The hereditary molecule DNA can store a great deal of information over long periods of time in a very small space. For a good 10 years, scientists have therefore been pursuing the goal of developing DNA chips for computer technology, for example for the long-term archiving of data. Such chips would be superior to conventional silicon-based chips in terms of storage density, longevity, and sustainability.

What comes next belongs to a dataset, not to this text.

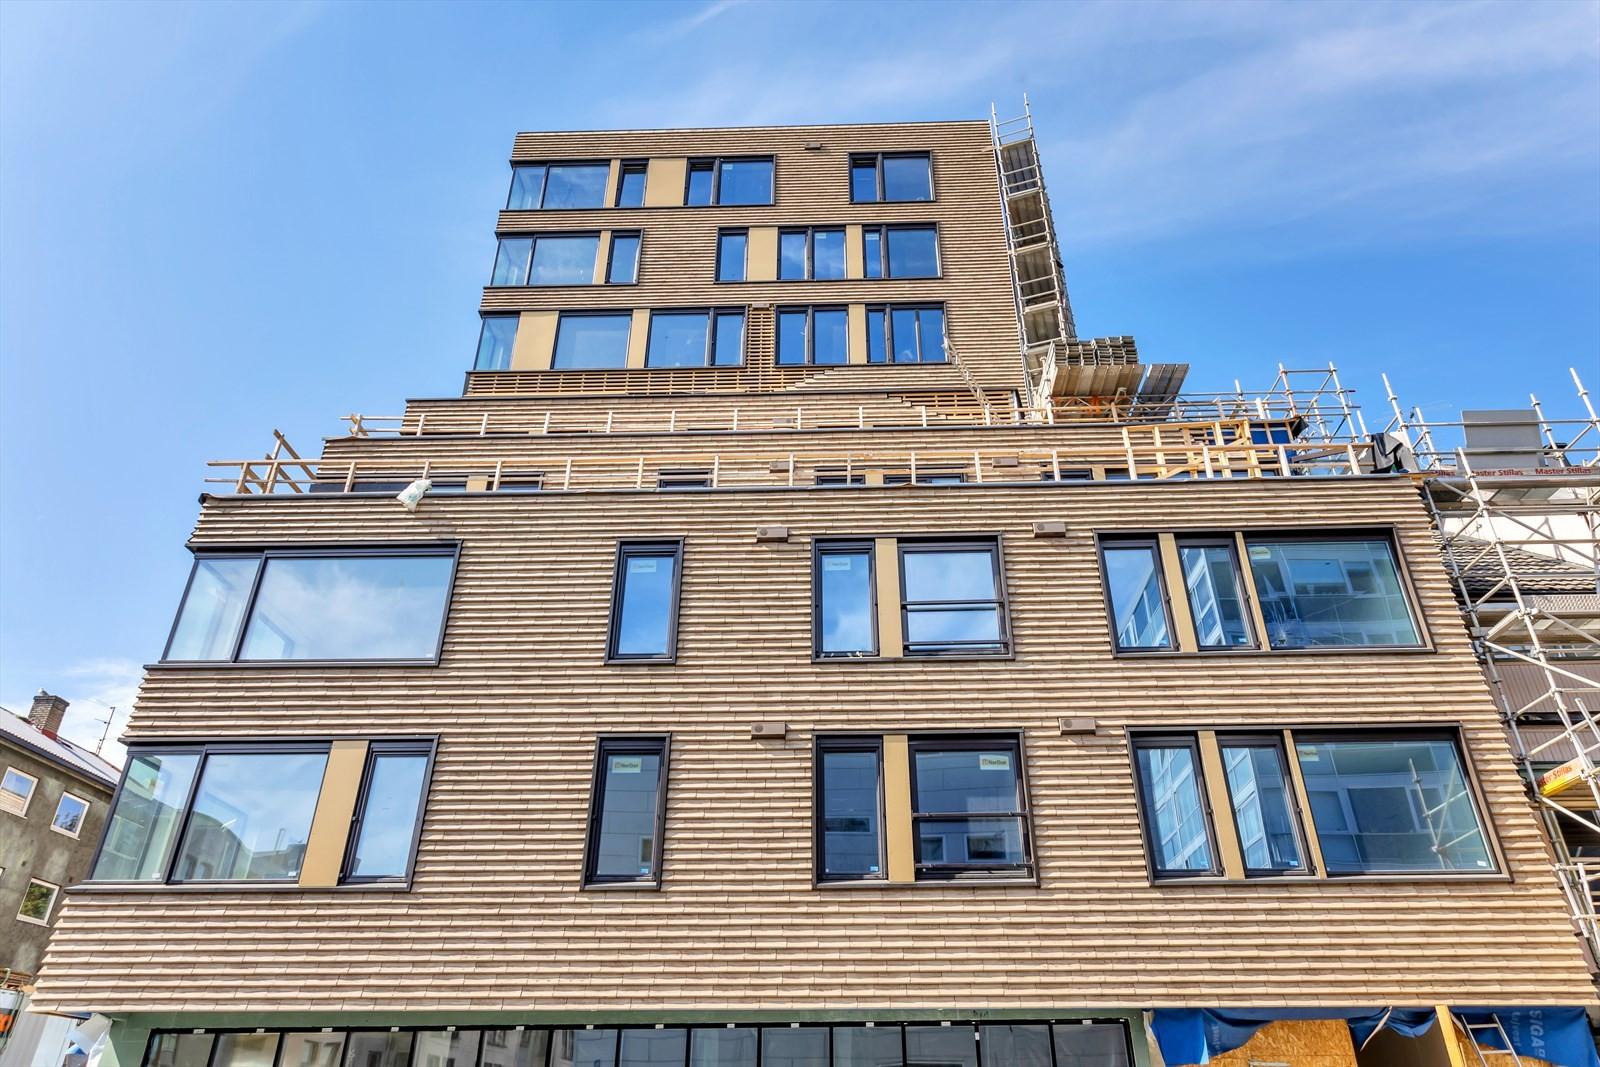 Ny bolig blokk i sentrum med 35 selveierleiligheter - med næringsareal i 1.etasje - Og egen felles hybelleilighet. Adkomst fra syd i 2.etasje og nord mot Kongsparken i 3.etasje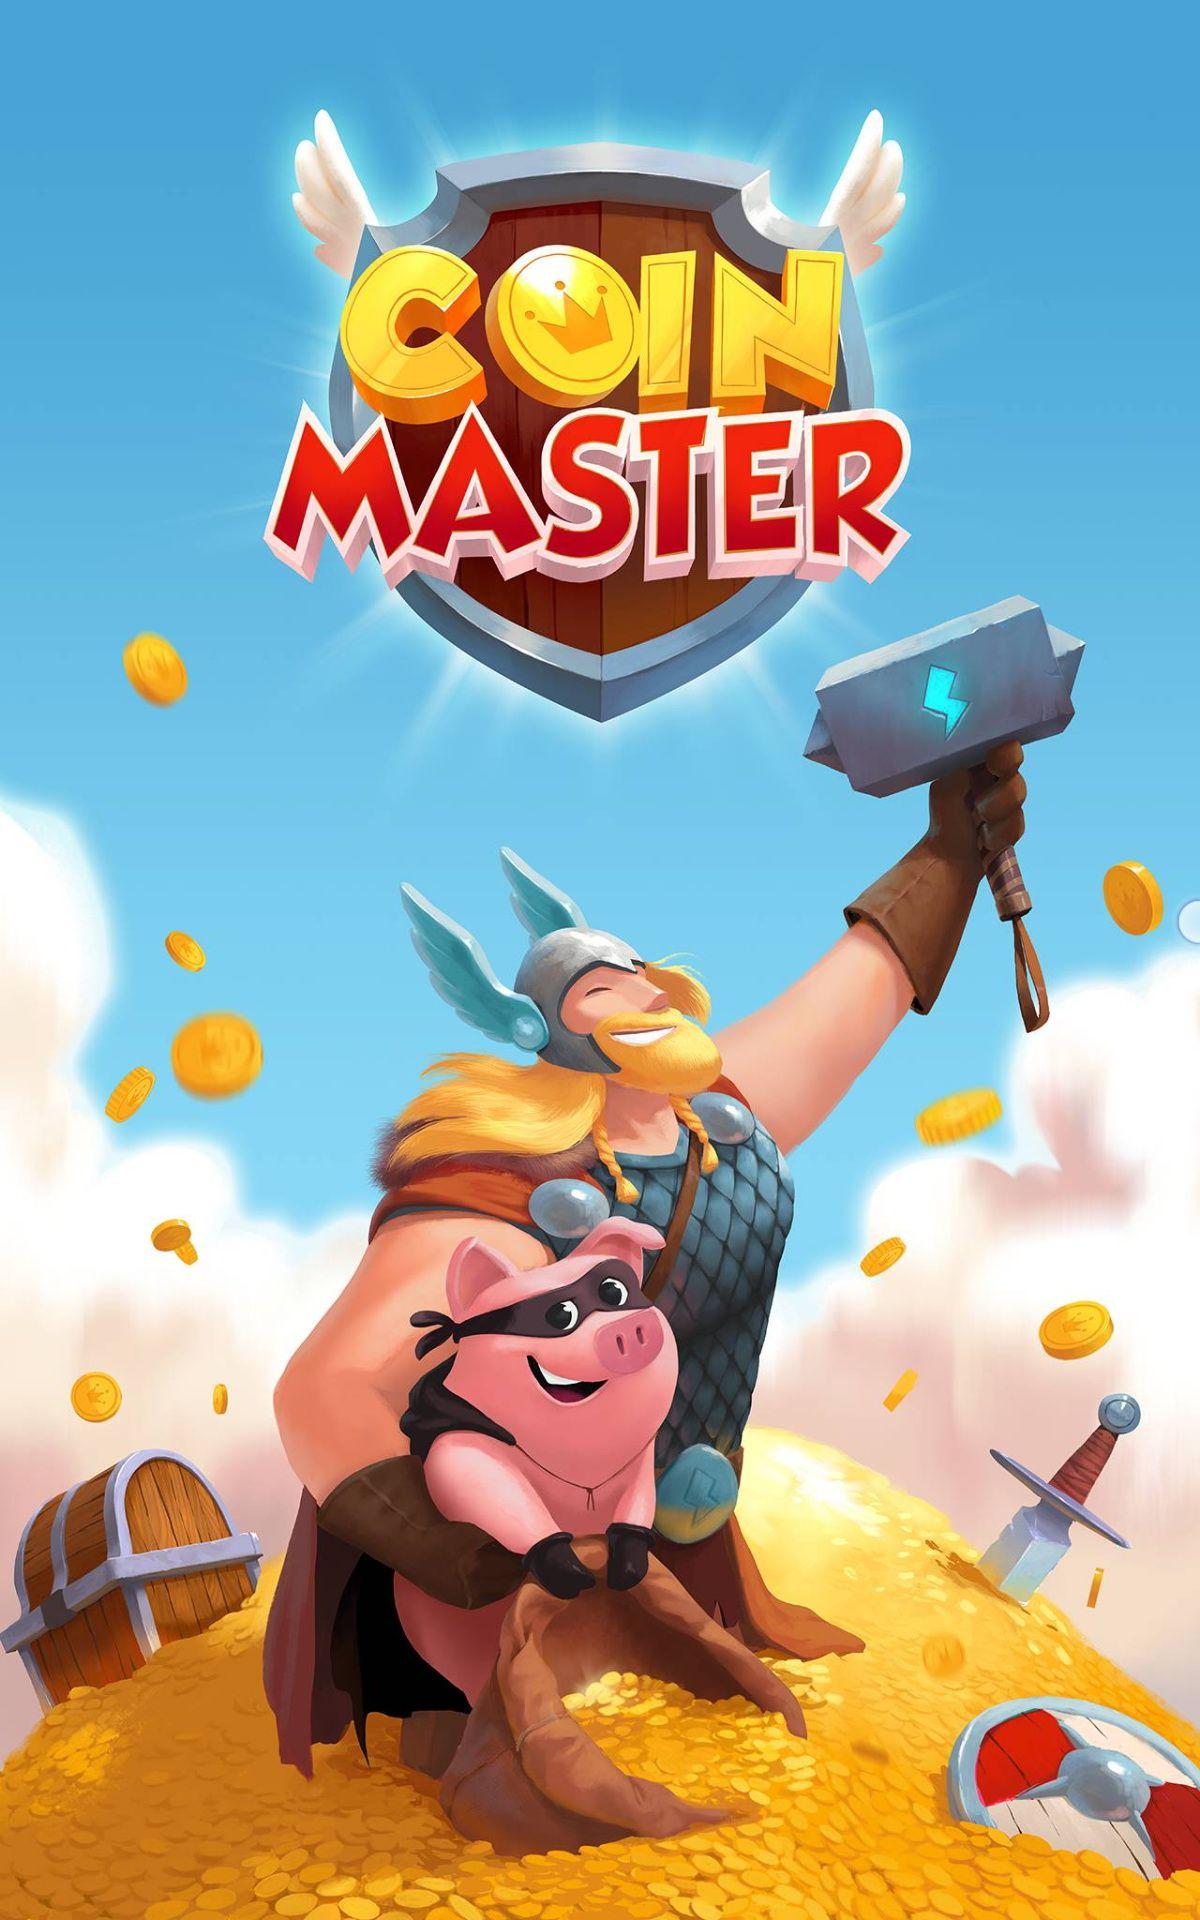 Coin Master (com imagens) | Coisas para comprar

Four recurring basic building blocks are found in a DNA strand. A specific sequence of these blocks can be used to encode information, just as nature does. To build a DNA chip, the correspondingly coded DNA must be synthesized and stabilized. If this works well, the information is preserved for a very long time—researchers assume several thousand years. The information can be retrieved by automatically reading out and decoding the sequence of the four basic building blocks.
What challenges have to be overcome
“The fact that digital DNA data storage with high capacity and a long lifespan is feasible has been demonstrated several times in recent years,” says Professor Thomas Dandekar, head of the Chair of Bioinformatics at Julius-Maximilians-Universität (JMU) Würzburg. “But the storage costs are high, close to 400,000 US dollars per megabyte, and the information stored in the DNA can only be retrieved slowly. It takes hours to days, depending on the amount of data.”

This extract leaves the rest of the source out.